Niet bepaald een lachtertje, maar iemand moet het doen

So, what is the weather like in Vietnam? 

De ambassade-ambtenaar heeft een stap teruggezet, niet gewend aan zulke intieme vragen. Hij lacht schaapachtig achter zijn glazen wand.

Is it hot in Vietnam right now? I guess it is hot.

Ik kan mijn oren niet geloven. Er staat een rij toeristen aan te schuiven voor het loket, maar deze dame trekt er zich niks van aan.

I am American? From the States? But I live in Surat Thani now. Very hot there? Everywhere is better than Surat Thani. Big smile. You have a lovely country. So, how many degrees is it in Vietnam right now? Oh. Okay. Would that be celcius or fahrenheit?

Ik denk dat het verborgen camera is, zegt een Fransman. Het moet verborgen camera zijn, glimlacht hij. De Amerikaanse ratelt maar door. Ik ben opgelucht dat ik in een andere rij aanschuif, anders was ik zeker uit mijn sloffen geschoten. Fok Zen. Een andere Fransman krijgt het op zijn heupen van het queuen. Merde, dit is de laatste keer dat ik naar Vietnam ga. Kijk, als ze ons niet willen … 

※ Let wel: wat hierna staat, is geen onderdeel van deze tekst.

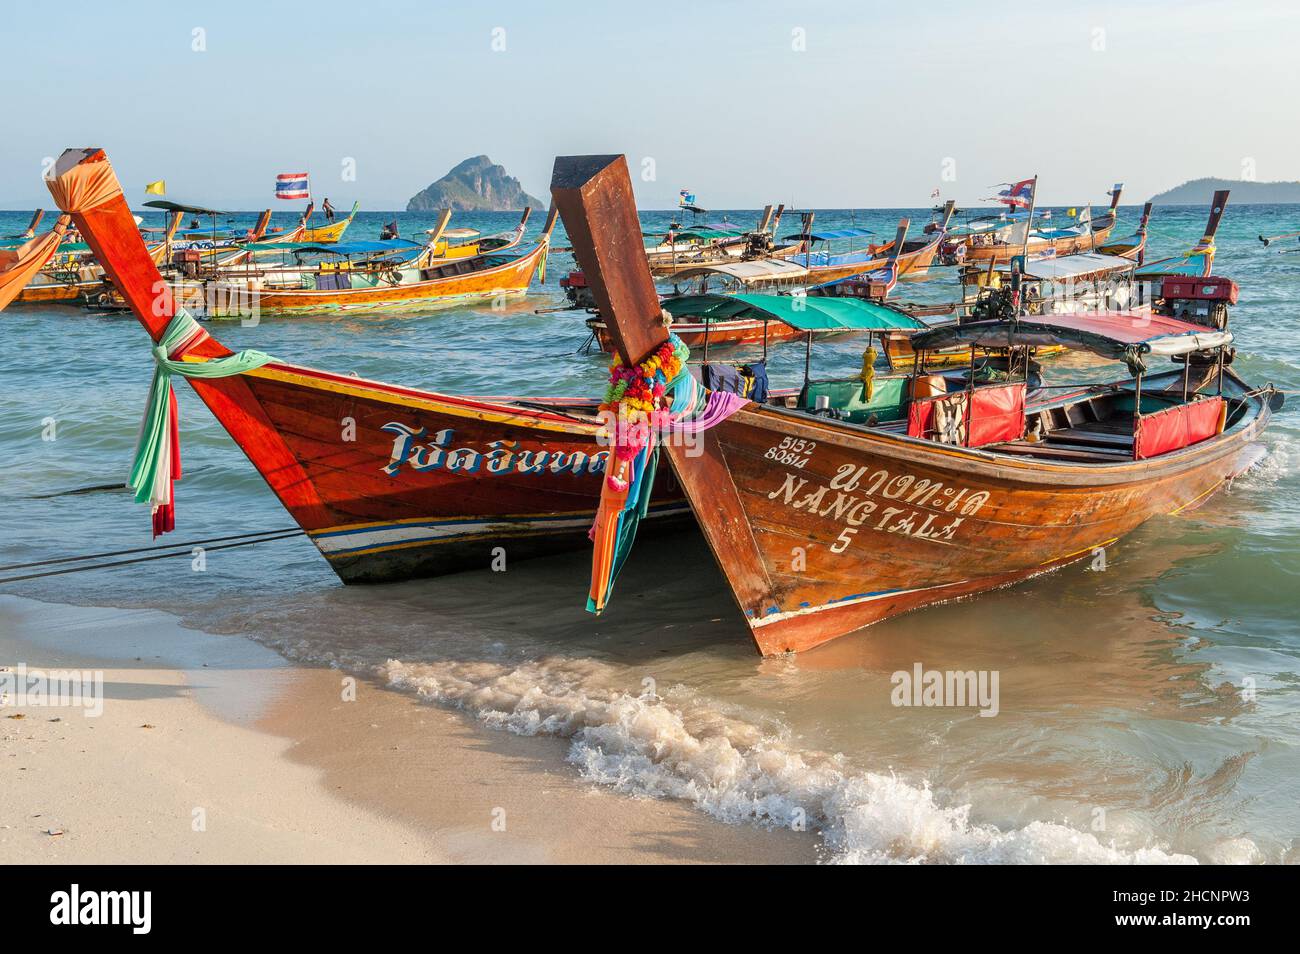 Longtail boats at Laem Tong Beach on Phi Phi Islands. These tropical islands are a popular tour destination from Phuket and Krabi in Thailand. Stock Photo

Al bij al verloopt het vlotjes, vlotter dan verwacht. Ik stap terug naar ons hotel met onze vijf visa’s voor Vietnam op zak. Maar Ho Chi Min moet nog wachten. Eerst nog Thailand en Myanmar.

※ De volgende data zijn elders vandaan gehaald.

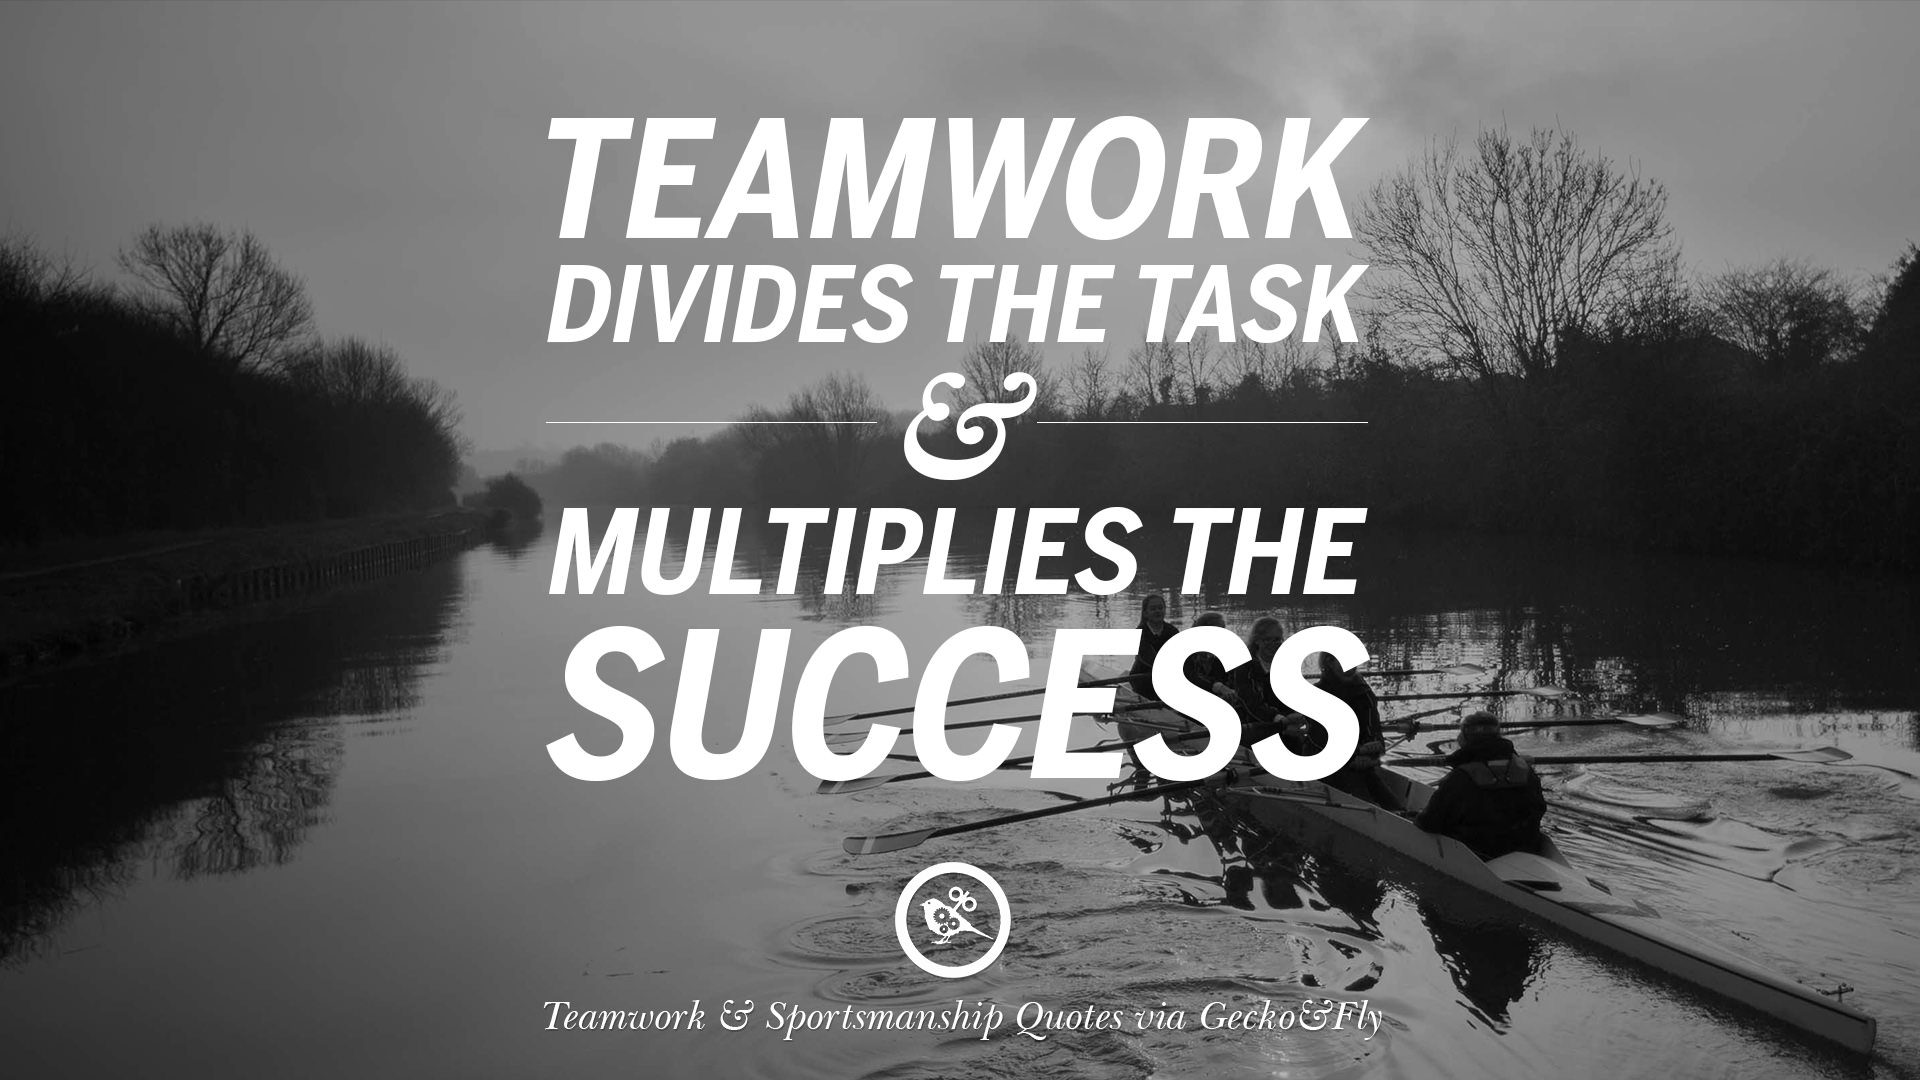 teamwork divides the task and multiplies the success

We bezoeken nog een boeddhistische tempel vooraleer we vertrekken uit Bangkok. Nog eentje, om het af te leren. Wat Traimit, met prachtig, hoog pagodedak en de grootste massief gouden boeddhabeeld ter wereld; vijf meter hoog en 5,5 ton. Het goud werd pas ontdekt in 1955, per abuis, tot dan toe mooi afgeschermd voor de begerige ogen van vijandige volkeren door een dikke laag plaaster.

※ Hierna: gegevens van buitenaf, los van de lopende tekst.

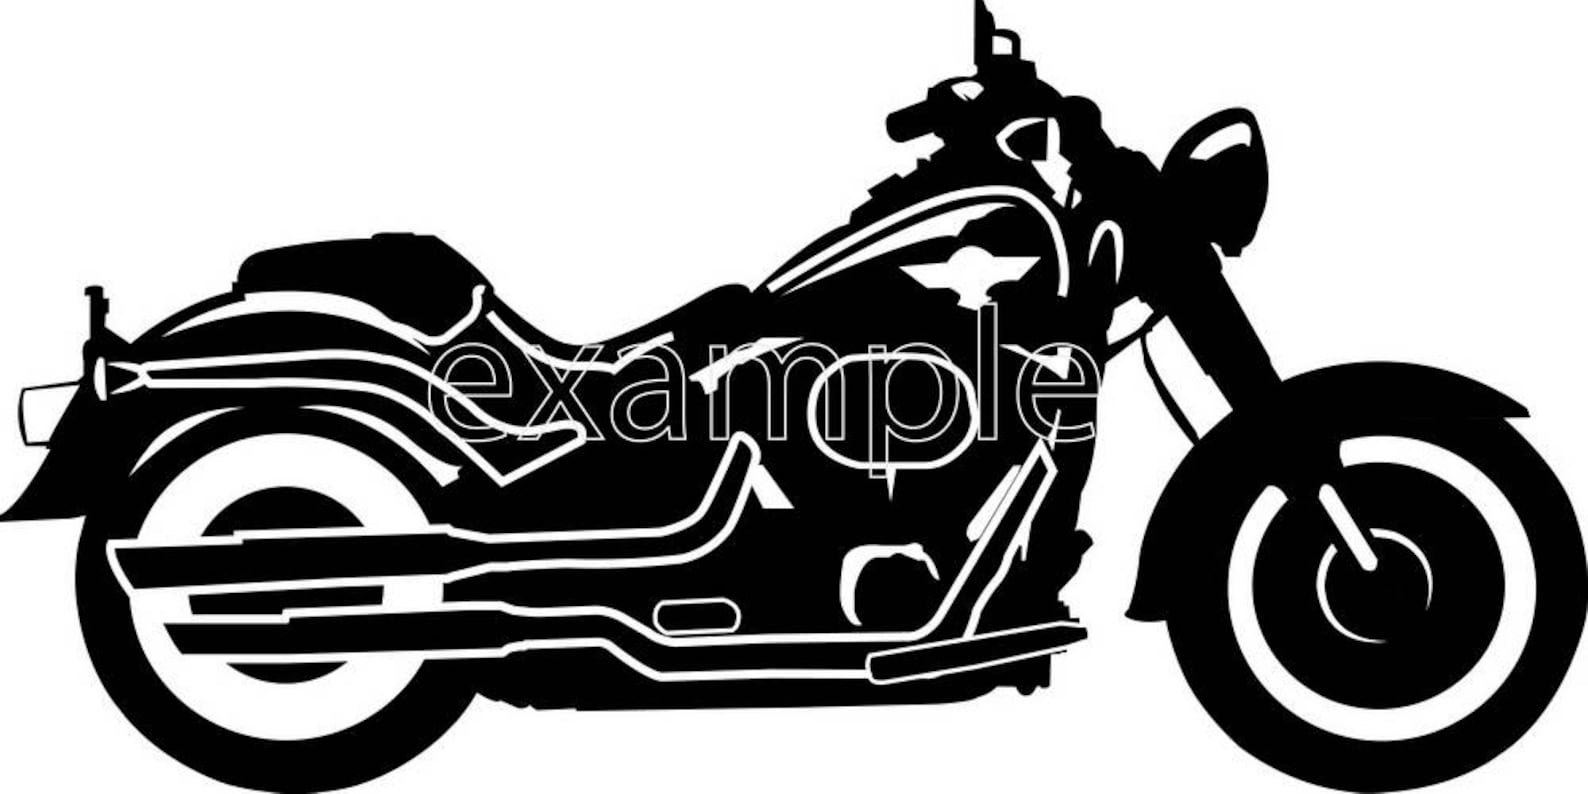 Download Harley clipartmotorcycle svg Eps Dxf files For Silhouette ...

Kanchanaburi en The Bridge over the River Kwai is onze volgende bestemming, met een stop bij de floating market van Damnoem Saduak. We vinden een taxi voor 1500 bath (ongeveer 38 euro), een goede prijs, de bellboy van ons hotel is verwonderd. Why so cheap, sir? We rijden door een lelijk landschap, geen grootse natuur, een viervaksbaan langs industrie, fabrieken, winkelcomplexen, elektrische centrales, vlakten waarop aan zoutwinning gedaan wordt, een aaneenschakeling van reclamepanelen, Tiger Beer, Isuzu, trucks, tractors, gevlochten manden, afbeeldingen van de koning en koningin, die op twintig jaar tijd geen rimpel bijgekregen hebben (maar dat is zo met goden), we passeren een paar politiecontroles, en genieten van de airco en van onze kinderen die, zoals het hoort, om de vijf minuten vragen of we er al zijn.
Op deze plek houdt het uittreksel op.